Pre-op transsexual serving sentence for raping a woman is allowed to move to women's prison unit. Surinenglish.com


----------



## mayotom (Nov 8, 2008)

this is confusing, he raped women!!! so he is Sexually attracted to Women, but he wants to be a Woman?? does he think that this will up his odds of picking up Women....

and Sue I agree, he shouldn't be allowed to transfer,, in fact I think he should be transferred to some small island in the Centre of the ocean along with all the other rapists, with no food or supplies and then try to survive


----------



## Suenneil (Feb 17, 2009)

mayotom said:


> this is confusing, he raped women!!! so he is Sexually attracted to Women, but he wants to be a Woman?? does he think that this will up his odds of picking up Women....
> 
> and Sue I agree, he shouldn't be allowed to transfer,, in fact I think he should be transferred to some small island in the Centre of the ocean along with all the other rapists, with no food or supplies and then try to survive


Well Im glad its not just me that thinks this is really odd ! First priority should always be given to reducing the opportunity for reoffending - and protecting potential victims .... thats standard legal practice .... this seems to completely contradict that !

Sexuality, or "wish" to change sexuality is irrelevant in this case as far as Im concerned ..... and Im not even commenting on what I think the punishment for rapists should be ...... he has obviously been put in prison for his actions by the relevant authorities ...... so its a complete nonsense that they are now addressing his "rights" and not "discriminating" against him at the possible expense of others ......


----------



## jojo (Sep 20, 2007)

words fail me!


jo xx


----------



## SteveHall (Oct 17, 2008)

You are quite safe on this forum, Sue. I will not allow any political correctness here whilst I am a mod!!!! This is simply.............. WRONG!


----------



## jojo (Sep 20, 2007)

... I keep coming back to this thread...dunno why, its just alarming isnt it! whichever way you look at it its wrong! 

Jo xxx


----------



## jojo (Sep 20, 2007)

.......so does he get his own room? In which case thats discrimiation or is some lucky lady inmate gonna get no sleep for the rest of his sentence?????? Or maybe he'll wake up one morning without his male tackle anymore, cos thats what would happen if I went anywhere near him!!!!!! Maybe thats it?? thats the plan???

Jo xx


----------



## SteveHall (Oct 17, 2008)

Indeed ...so the guys has all his male genitalia? ? Now where did I put that rusty chainsaw? Might as well see how it works on his neck too!!


----------



## Suenneil (Feb 17, 2009)

SteveHall said:


> Indeed ...so the guys has all his male genitalia? ? Now where did I put that rusty chainsaw? Might as well see how it works on his neck too!!


Yes he does indeed still have all the necessary tackle to offend again! strange this is they wont do the operation because of his psychological problems !!! :confused2::confused2: but dont think his psychological problems will cause any problems in a womens section of the prison with his history !! DUH !!!!


----------



## Caz.I (Mar 21, 2009)

Suenneil said:


> Yes he does indeed still have all the necessary tackle to offend again! strange this is they wont do the operation because of his psychological problems !!! :confused2::confused2: but dont think his psychological problems will cause any problems in a womens section of the prison with his history !! DUH !!!!


Well it is a bizzare decision but common sense often seems to go out the window when lawyers manipulate the law for the sake of their client and the idea of individual rights over-ride those of the public or potential victims.

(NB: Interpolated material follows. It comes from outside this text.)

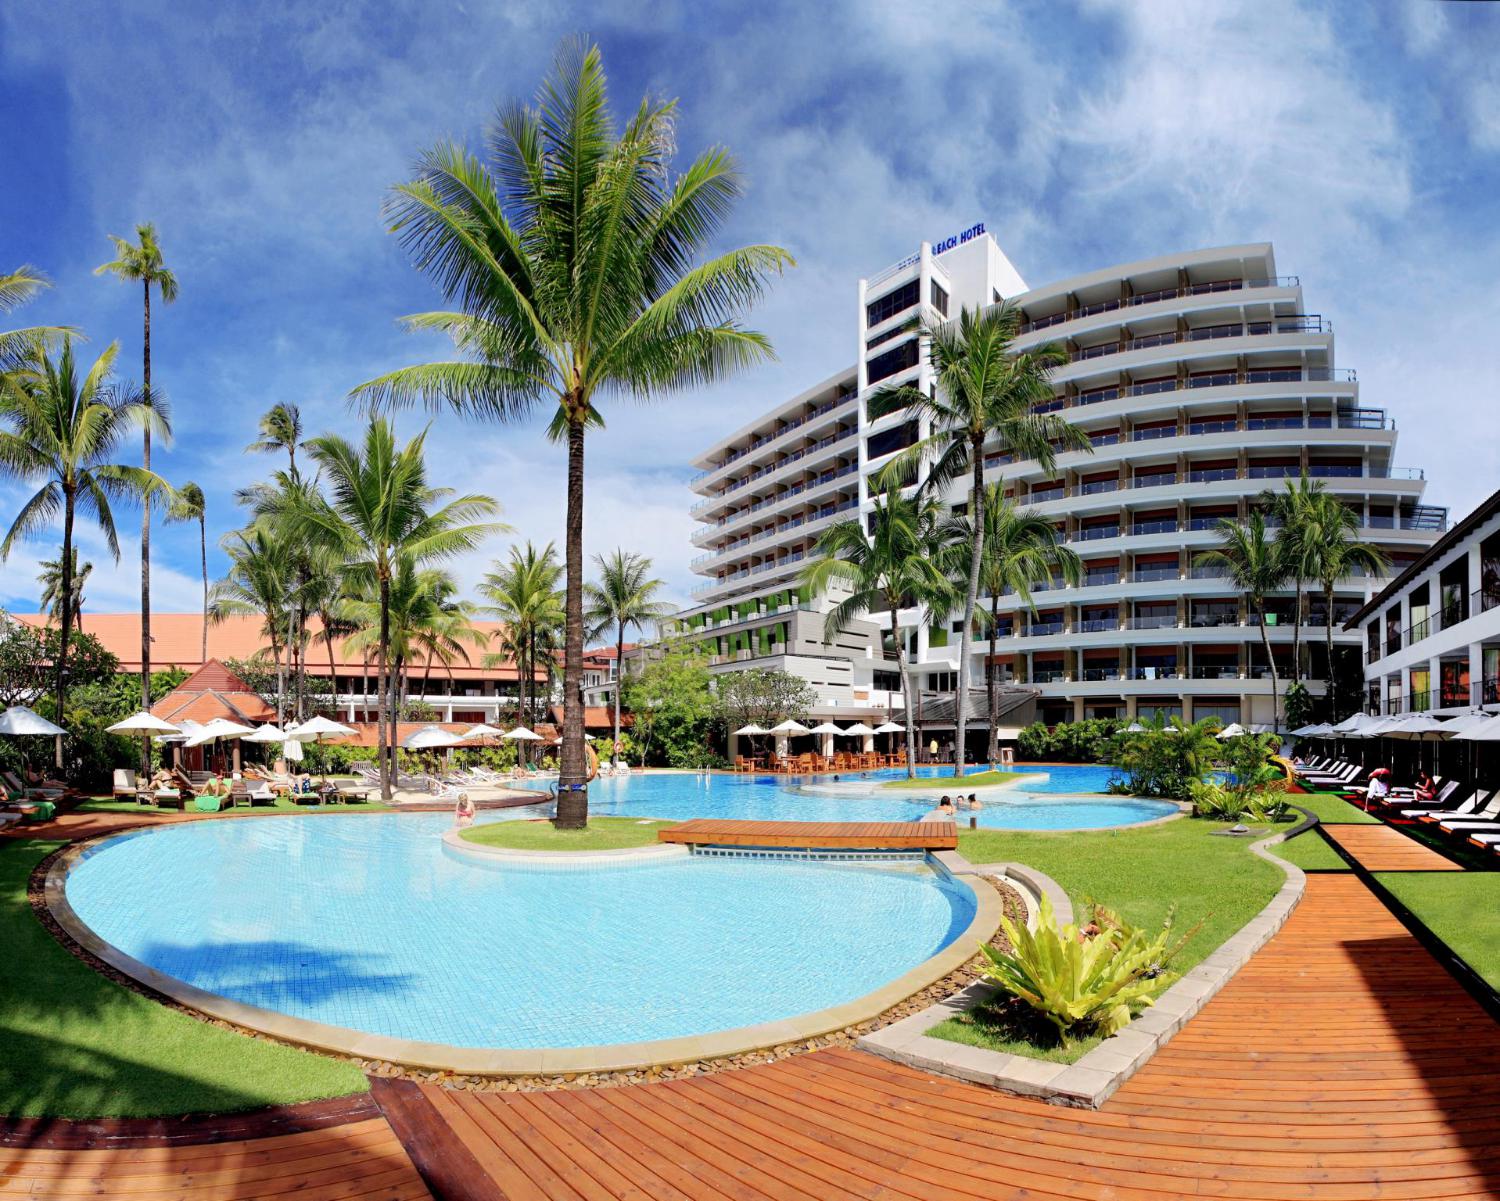 Patong Beach Hotel - Image 0

I dont know all the facts about this case but heard on the news that the person in question doesnt even want the operation! So how on earth is he on the Civil Register as a woman? And if they are saying his desire to change gender comes from a pyschological problem then IMO he shouldnt be classified as a transexual anyway, as its not a gender disorder, am not an expert in this but think he would be considered transvestite, who are usally heterosexual men anyway.

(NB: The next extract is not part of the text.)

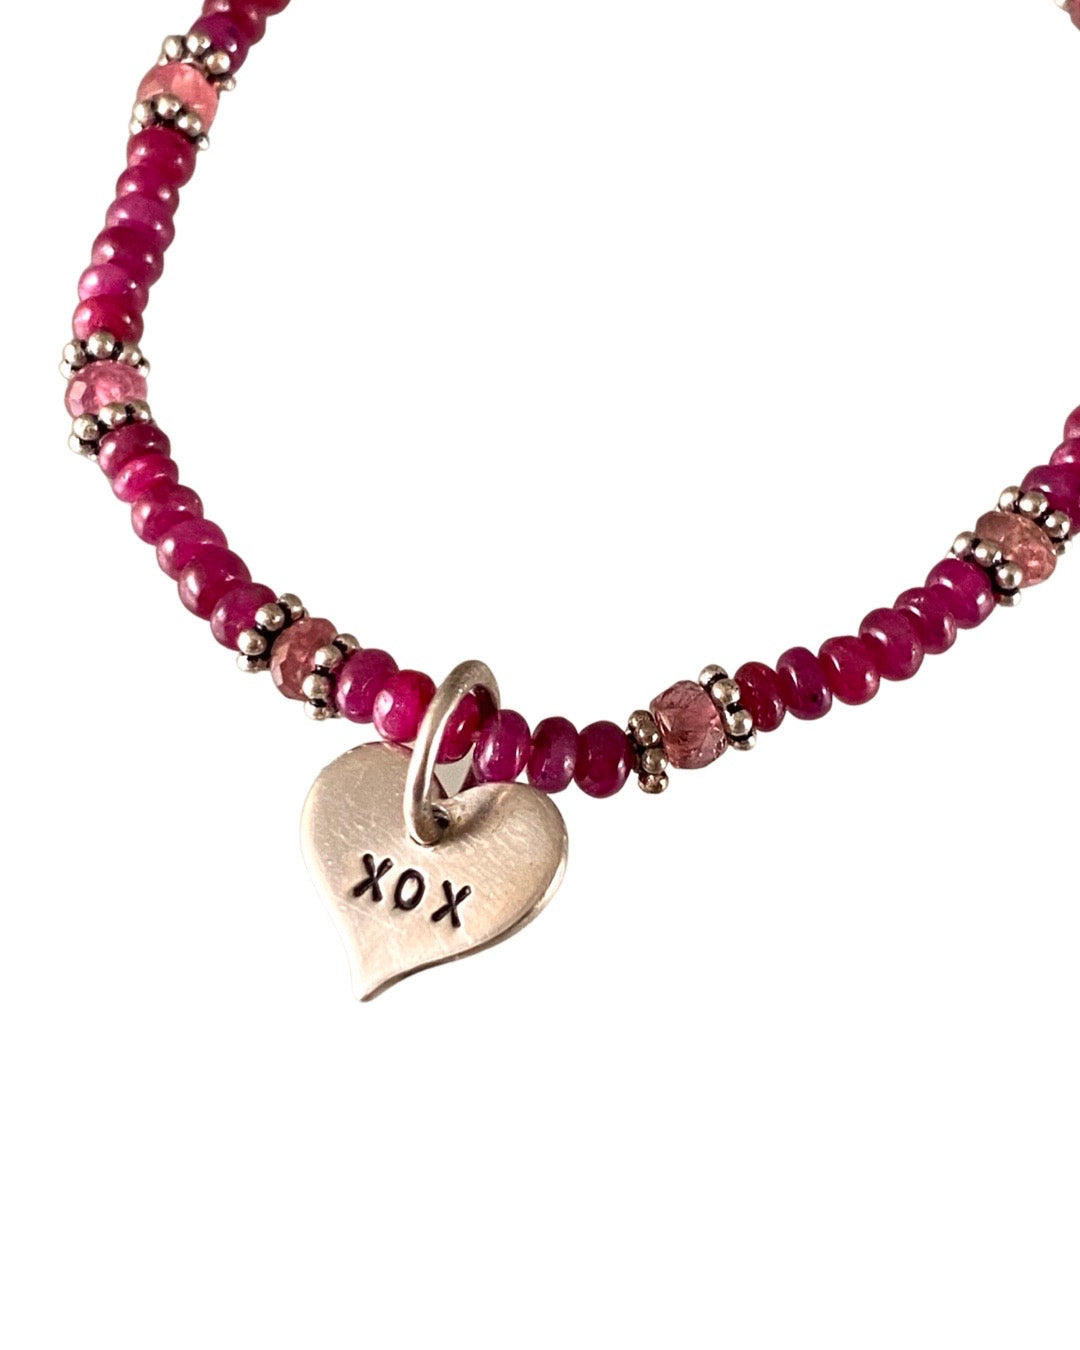 Ruby & Pink Tourmaline Beaded Toggle Bracelet

Secondly, its bizarre that the court have ignored the huge problem of gender violence that exists here and the fact that by putting him in a prison in close contact with women they are putting hundreds of women in danger and are just giving him the opportunity to re-offend. He should be in some kind of mental health secure unit within the (men's) prison. 
Although I read today the Public Prosecutors office is against it. Just hope there is enough protest to change the decision.


----------



## Suenneil (Feb 17, 2009)

Caz.I said:


> Well it is a bizzare decision but common sense often seems to go out the window when lawyers manipulate the law for the sake of their client and the idea of individual rights over-ride those of the public or potential victims.
> 
> I dont know all the facts about this case but heard on the news that the person in question doesnt even want the operation! So how on earth is he on the Civil Register as a woman? And if they are saying his desire to change gender comes from a pyschological problem then IMO he shouldnt be classified as a transexual anyway, as its not a gender disorder, am not an expert in this but think he would be considered transvestite, who are usally heterosexual men anyway.
> 
> ...


Agree with you Caz - they seem to be ignoring the potential risks to others, and this risk is high given that he has already offended against women!! I will be interested to read the outcome on this one.


----------



## Tallulah (Feb 16, 2009)

It's a despicable scenario and a psychological minefield. But going non PC, let's face it, if he does transfer to the women's prison, they're in there for a reason too and he's the one who's going to be getting all the aggro - not the other way round. OK, he may "get off" on the fact of the close proximity of incarcerated females, but really, he's not going to last very long there once word gets around. There'll be justice of a different sort waiting for him in there.

Tally.xx


----------



## Suenneil (Feb 17, 2009)

Tallulah said:


> It's a despicable scenario and a psychological minefield. But going non PC, let's face it, if he does transfer to the women's prison, they're in there for a reason too and he's the one who's going to be getting all the aggro - not the other way round. OK, he may "get off" on the fact of the close proximity of incarcerated females, but really, he's not going to last very long there once word gets around. There'll be justice of a different sort waiting for him in there.
> 
> Tally.xx


I agree in part Tally ..... but as someone who has worked in prisons in the UK I also know there will be a lot of very vulnerable females in there too ..... who can be easy prey for some people .... Sue x


----------



## Tallulah (Feb 16, 2009)

Suenneil said:


> I agree in part Tally ..... but as someone who has worked in prisons in the UK I also know there will be a lot of very vulnerable females in there too ..... who can be easy prey for some people .... Sue x


Well, I have no idea of the Spanish prison system, but surely should anything ever occur like that in the UK, from your knowledge of prisons there, would they ever be allowed to integrate with the other prisoners? Kept in solitary confinement - transferred to a psych hospital?? It must be difficult to keep control of - with the overcrowding and staff shortages.

Tally.x


----------



## Suenneil (Feb 17, 2009)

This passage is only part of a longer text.